Database overview

Gw files

Genealogy database could be created by GeneWeb from one or from multiple source files with .gw extension. Those files describe structurally persons, families all kinds of relationships, different events, etc. You can read more about the file structure here. Binary executable gwc reads files .gw, extracts all persons and families information and passes it to the Gwdb module in order to create the database.

Database entries

Transmitted to Gwdb information is composed mainly from:

  • Array of all strings that could be any kind of information encoded as a string, like for example: person’s name, birth place, marriage place, etc. Identifier istr allows to reference the string in the given array (index of an element inside the array).

  • Array of persons where each element encompasses information about one person. Every string field of a person (like his name, birthplace, etc.) is an identifier where the real string is stored in array mentioned before. Reference to other persons by means of identifier iper that reference person in the current array (index of an element inside the persons array).

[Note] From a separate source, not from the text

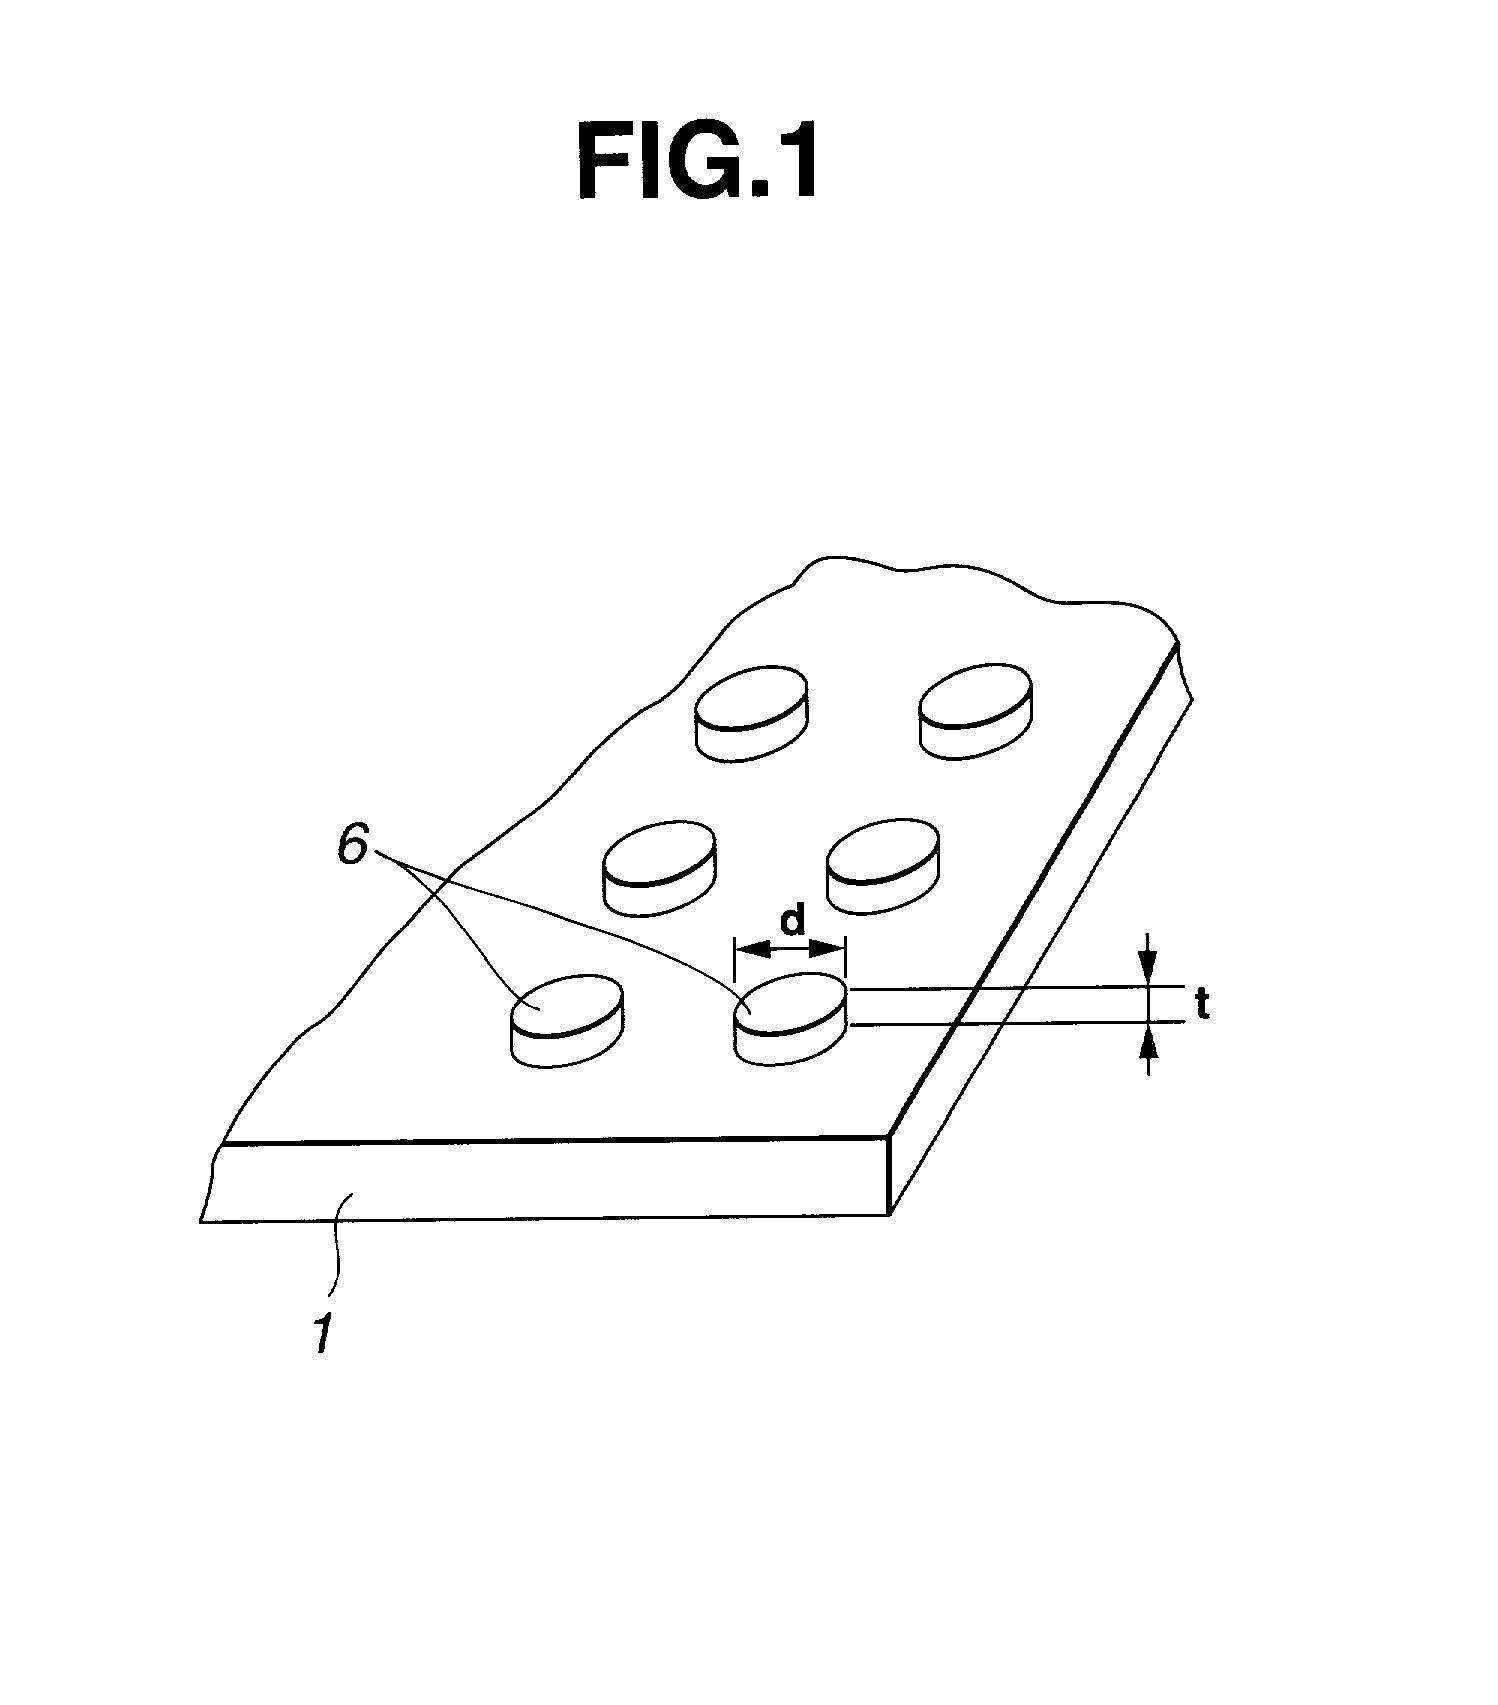 Magnetic thin film and process for producing the same
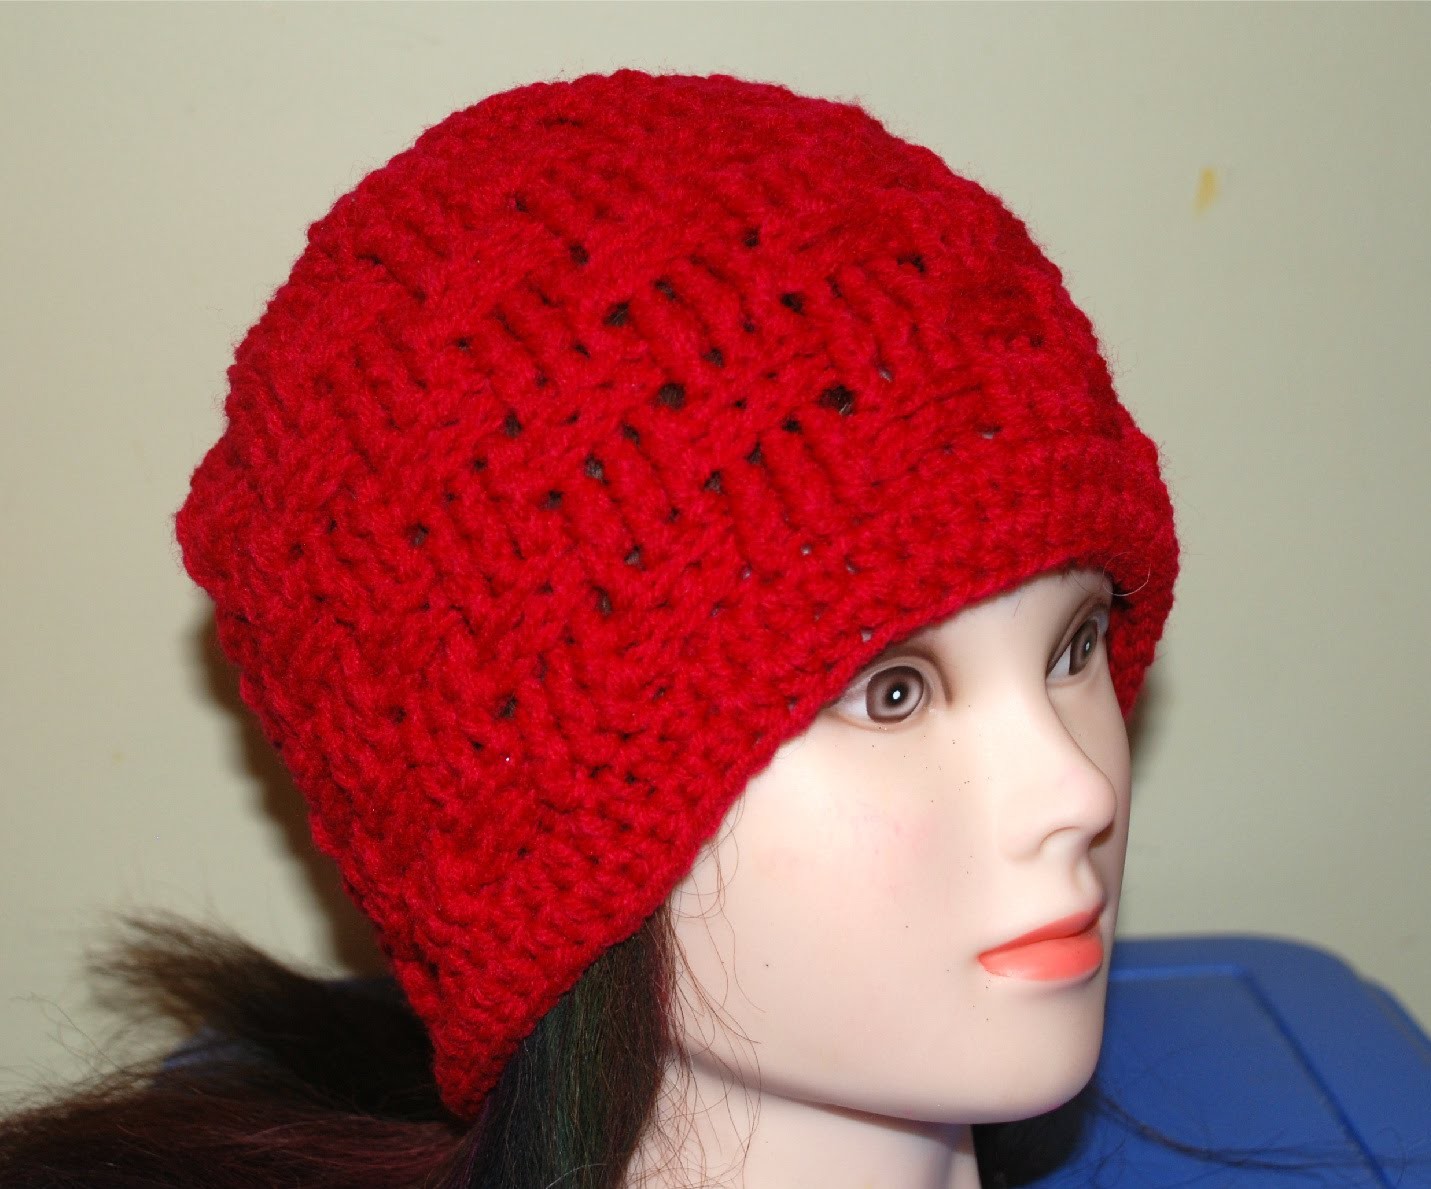 How to Crochet a Basket Weave Hat (All Sizes) Part II

  • Array of families where each element encompasses information about one family (couple, children, marriage date, etc.). Identifier ifam allows to reference the family in the given array (index of element inside the array).

Each array keeps a data structure defined in the module Def. Further, those entries will be the main source for every database request.

Storage

Gwdb is responsible for creating the database on the disk from the provided inputs. It creates a directory dbname.gwb containing several files. The main file base contains marshalled representation of each array and base.acc stores offsets to every entry entry that allows to make constant time access. Additionally, it creates some index files that associate useful for requests information to the entry’s identifier in the base file. That helps to requests to find instantly entry without iteration over all existing ones in the database. For example strings.inx is a string index that allows to find id for a searched string. One file is slightly different: the patches file. It stores every modification done inside the base (see Modifications subsection). The storage manipulation interface is described in lib/gwdb_driver.mli/gwdb_driver.mli. This is a virtual module whose current implementation is available on gwdb-legacy. Format and description for every database file is listed below:

base - the base itself
  magic number (magic_gwb)                 : string of length 8
  number of persons                        : binary_int
  number of families                       : binary_int
  number of strings                        : binary_int
  persons array offset in file             : binary_int
  ascends array offset in file             : binary_int
  unions array offset in file              : binary_int
  families array offset in file            : binary_int
  couples array offset in file             : binary_int
  descends array offset in file            : binary_int
  strings array offset in file             : binary_int
  notes origin file                        : value
  persons array                            : value
  ascends array                            : value
  unions array                             : value
  families array                           : value
  couples array                            : value
  descends array                           : value
  strings array                            : value

base.acc - direct accesses to arrays inside base
  persons offsets   : array of binary_ints
  ascends offsets   : array of binary_ints
  unions offsets    : array of binary_ints
  families offsets  : array of binary_ints
  couples offsets   : array of binary_ints
  descends offsets  : array of binary_ints
  strings offsets   : array of binary_ints

names.inx - index for names, strings of first names and surnames
  offset to sindex : binary_int
  offset to findex : binary_int
  1st index (mixes between names) : value 
    array, length = 16383, associating:
      - a hash value of a "crushed" (module "Name") name 
        (modulo length)
      - to the array of ids of the corresponding persons
  2nd index (surnames sub-strings) : value
    array, length = "table_size", associating:
      - a hash value of the "crushed" (module "Name") surname 
        sub-string (modulo length)
      - to the array of the corresponding surnnames (string ids) 
      that contain giving surname sub-string
  3rd index (first name sub-strings) : value 
    array, length = 16383, associating:
      - a hash value of the "crushed" (module "Name") first name 
      sub-string (modulo length)
      - to the array of the corresponding string ids that contains 
      giving first name sub-string

names.acc - direct accesses to values inside arrays in names.inx

strings.inx - index for all strings
  length of the strings offset array : binary_int
  strings hash table index           : 2 arrays of binary_ints
    strings offset array (length = prime after 10 * strings 
    array length)
      - associating a hash value of the string modulo length
      - to its id in the string array
    strings list array (length = string array length)
      - associating a string id
      - to the id of the next index (previous value) holding the 
      same hash value

snames.inx - index for surnames
  array ordered by surname  
    - associating the string id of a surname
    - to a pointer (offset) inside snames.dat

snames.dat - data associated with snames.inx
  array of list of persons holding a surname

fnames.inx - index for first names
  array ordered by first name 
    - associating the string id of a first name
    - to a pointer (offset) inside fnames.dat

fnames.dat - data associated with fnames.inx
  array of list of persons holding a first name

notes - text file containing data base notes.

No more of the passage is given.